Stewart’s also argued that the modifications to the Insurance Law in 1997 to provide for captive insurance companies should be read in pari materia with the Tax Law, and, as such, the deductions should be allowed. The ALJ refuted this argument because the statutory language regarding the starting point of entire net income was clear and unambiguous, and, therefore, an in pari materia argument or reading of the statutes together was unwarranted.
Having determined that the proper starting point for entire net income is federal taxable income, the ALJ then turned to the issue of whether the transactions between Stewart’s and BRIC gave rise to deductions for Stewart’s under federal income tax law. The ALJ noted that, while premiums are deductible, amounts placed in reserve as self-insurance are not deductible for federal income tax purposes. The critical test for determining whether an insurance relationship arises for federal income tax purposes is whether both risk shifting and risk distribution have taken place.

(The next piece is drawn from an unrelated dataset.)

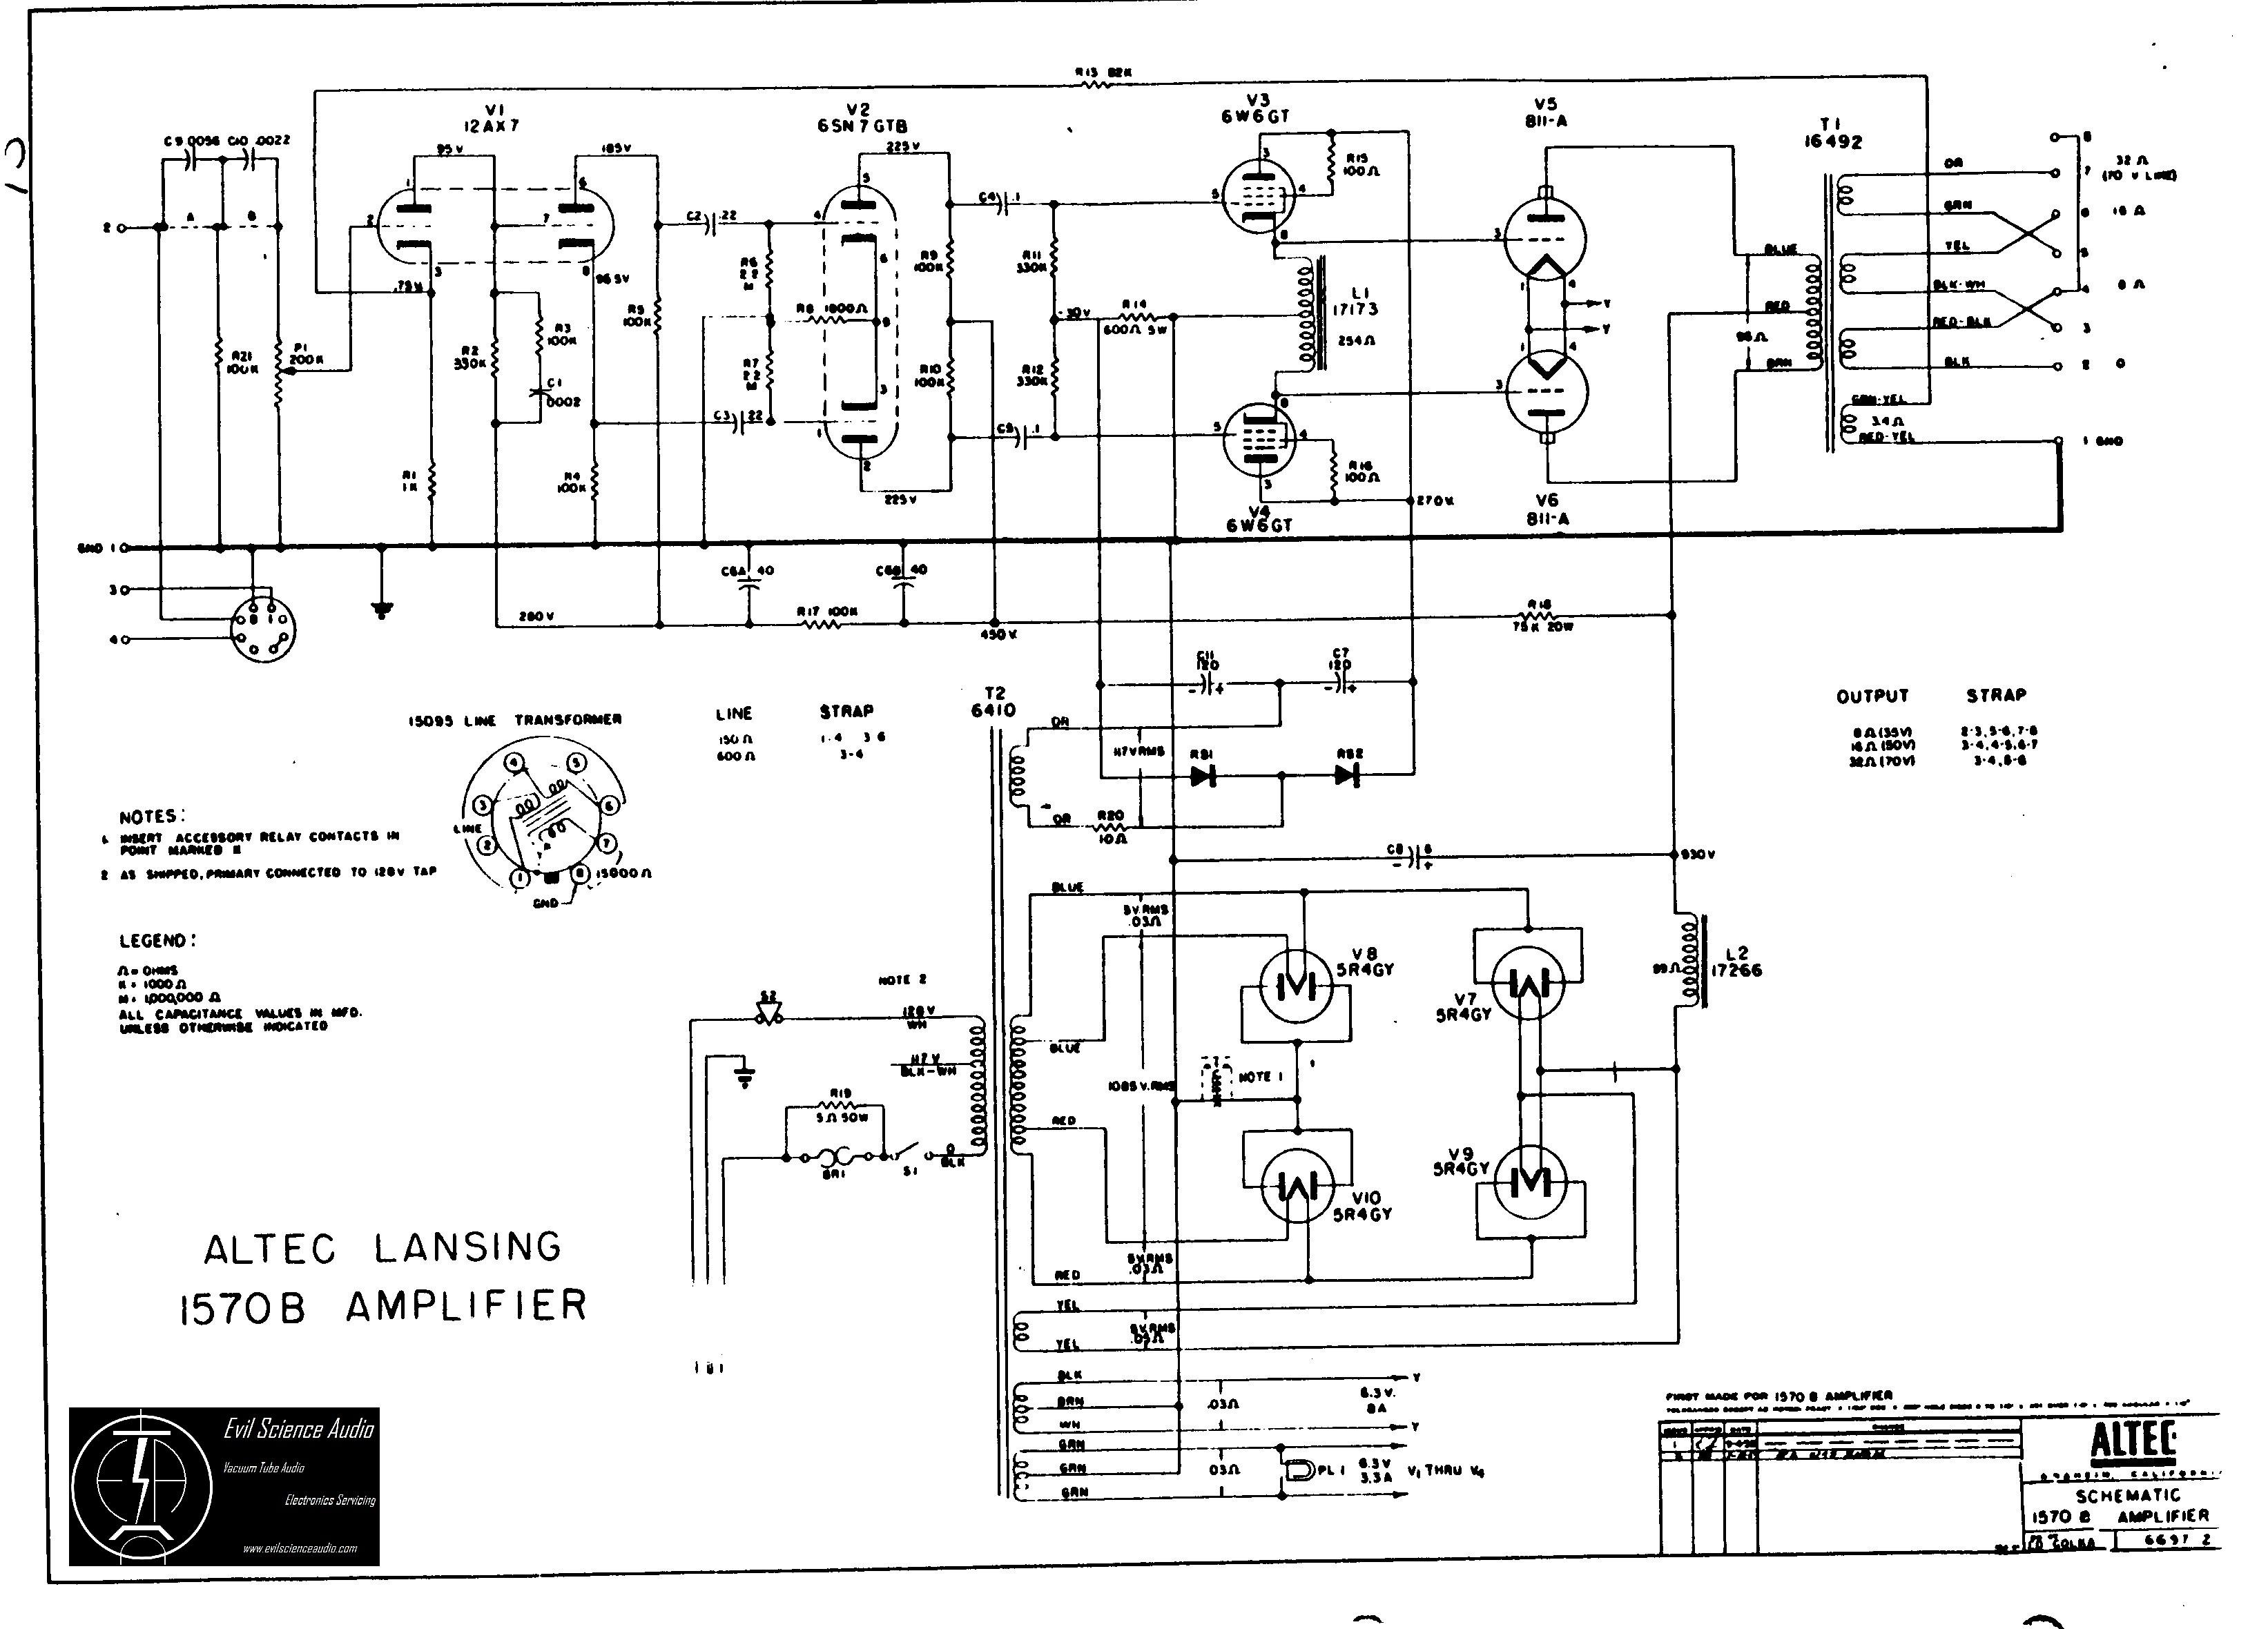 Altec Lansing Speaker Wiring Diagram - 1.14.msjsports.nl • on code 3 speaker, code alarm fuse diagram, code 3 lights, code 3 battery, code 3 mx7000 wiring, 3 wire sensor diagram, code 3 ford, code 3 xl, code alarm remote start wiring diagram, code wiring harness diagram, code 3 parts, code 3 as 2 installation wire diagram, code 3 cable, 3 wire circuit diagram,

The ALJ undertook a comprehensive review of the arrangement between Stewart’s and BRIC and determined that the risks involved in the relationship were actual insurable risks under federal tax law and that the arrangement met commonly accepted notions of insurance. However, the ALJ found that Stewart’s did not, under the captive arrangement, shift its risk of loss to BRIC, nor did BRIC distribute whatever losses that were shifted to the policyholders, as occurs in traditional insurance relationships. The ALJ evaluated a number of federal income tax cases that involved insurance relationships in the context of a parent and a subsidiary. These decisions focused on the parent-subsidiary relationship in determining that risk shifting did not occur, because payments from BRIC to Stewart’s to cover a loss would, by definition, have a direct effect on Stewart’s balance sheet and net worth. Because of this, risk shifting could not be said to have occurred under the arrangement; further, there was no risk distribution among the various subsidiaries as a result of the relationship between BRIC and Stewart’s.
There are two significant lessons to be gleaned from this decision. The first, and most obvious, is that captive insurance arrangements, in New York and in certain other states, are often dependent on the federal treatment of the relationship as insurance for federal income tax purposes. The decision also underscores the importance in those states that conform to federal tax law in whole or in part, especially those that use federal taxable income as a starting point, of making sure that tax positions are either supported by a federal interpretation or are otherwise justified by other provisions in the state’s tax law, perhaps in the additions and subtractions.